UNITED STATES
SECURITIES AND EXCHANGE COMMISSION
Washington, D.C. 20549
FORM 8-K
CURRENT REPORT
Pursuant to Section 13 or 15(d) of the Securities Exchange Act of 1934
Date of Report (Date of earliest event reported) May 1, 2006
j2 Global Communications, Inc.
(Exact name of registrant as specified in its charter)
Delaware (State or other jurisdiction of incorporation or organization) | 0-25965 (Commission File Number) | 51-0371142 (IRS Employer Identification No.) |
6922 Hollywood Blvd.
Suite 500
Los Angeles, California 90028
(Address of principal executive offices)
(323) 860-9200
(Registrant’s telephone number, including area code)

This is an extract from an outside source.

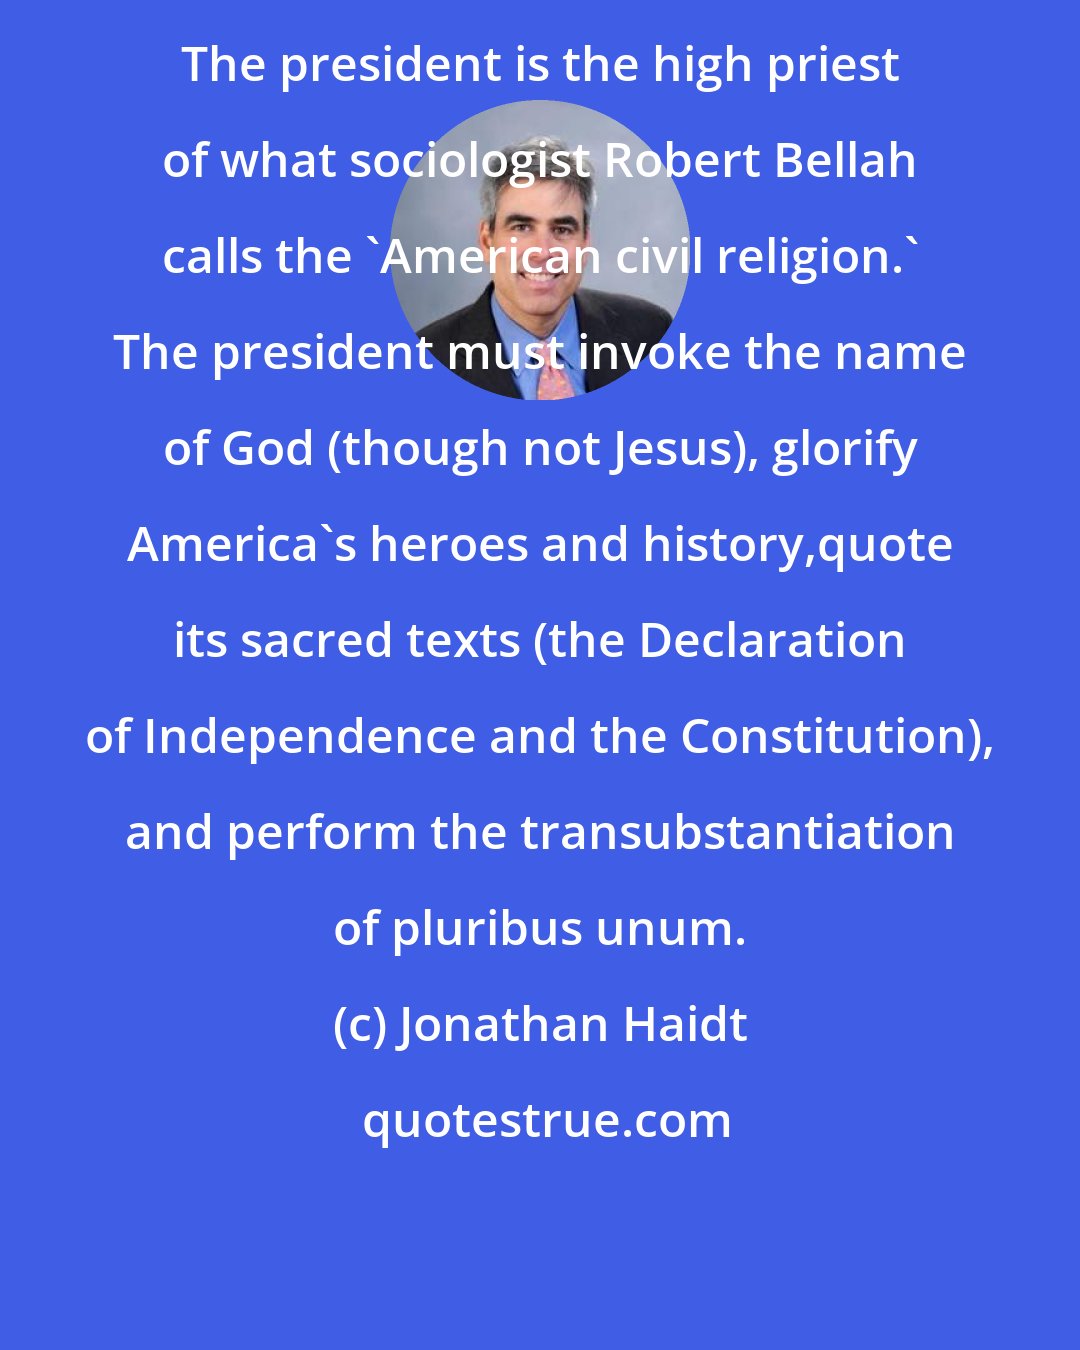 Jonathan Haidt: The president is the high priest of what sociologist Robert Bellah calls the 'American civil religion.' The president must invoke the name of God (though not Jesus), glorify America's heroes and history,quote its sacred texts (the Declaration of Independence and the Constitution), and perform the transubstantiation of pluribus unum.

(Former name or former address, if changed since last report)
Check the appropriate box below if the Form 8-K filing is intended to simultaneously satisfy the filing obligation of the registrant under any of the following provisions (see General Instruction A.2. below):
o | Written communications pursuant to Rule 425 under the Securities Act (17 CFR 230.425) |
o | Soliciting material pursuant to Rule 14a-12 under the Exchange Act (17 CFR 240.14a-12) |
o | Pre-commencement communications pursuant to Rule 14d-2(b) under the Exchange Act (17 CFR 240.14d-2(b)) |
o | Pre-commencement communications pursuant to Rule 13e-4(c) under the Exchange Act (17 CFR 240.13e-4(c)) |
Item 1.01 | Entry into a Material Definitive Agreement. |
On May 1, 2006, the Registrant’s Board of Directors, based on the recommendation of the Compensation Committee, approved an amendment to the Registrant’s 2001 Employee Stock Purchase Plan, to be effective May 1, 2006, such that the purchase price for each offering period shall be 95% of the fair market value of a share of stock at the end of the each offering period rather than 90% of the lesser of the fair market value of a share of stock on the beginning or the end of the offering period. The Amended and Restated 2001 Employee Stock Purchase Plan is attached to this current report on Form 8-K as Exhibit 10.1.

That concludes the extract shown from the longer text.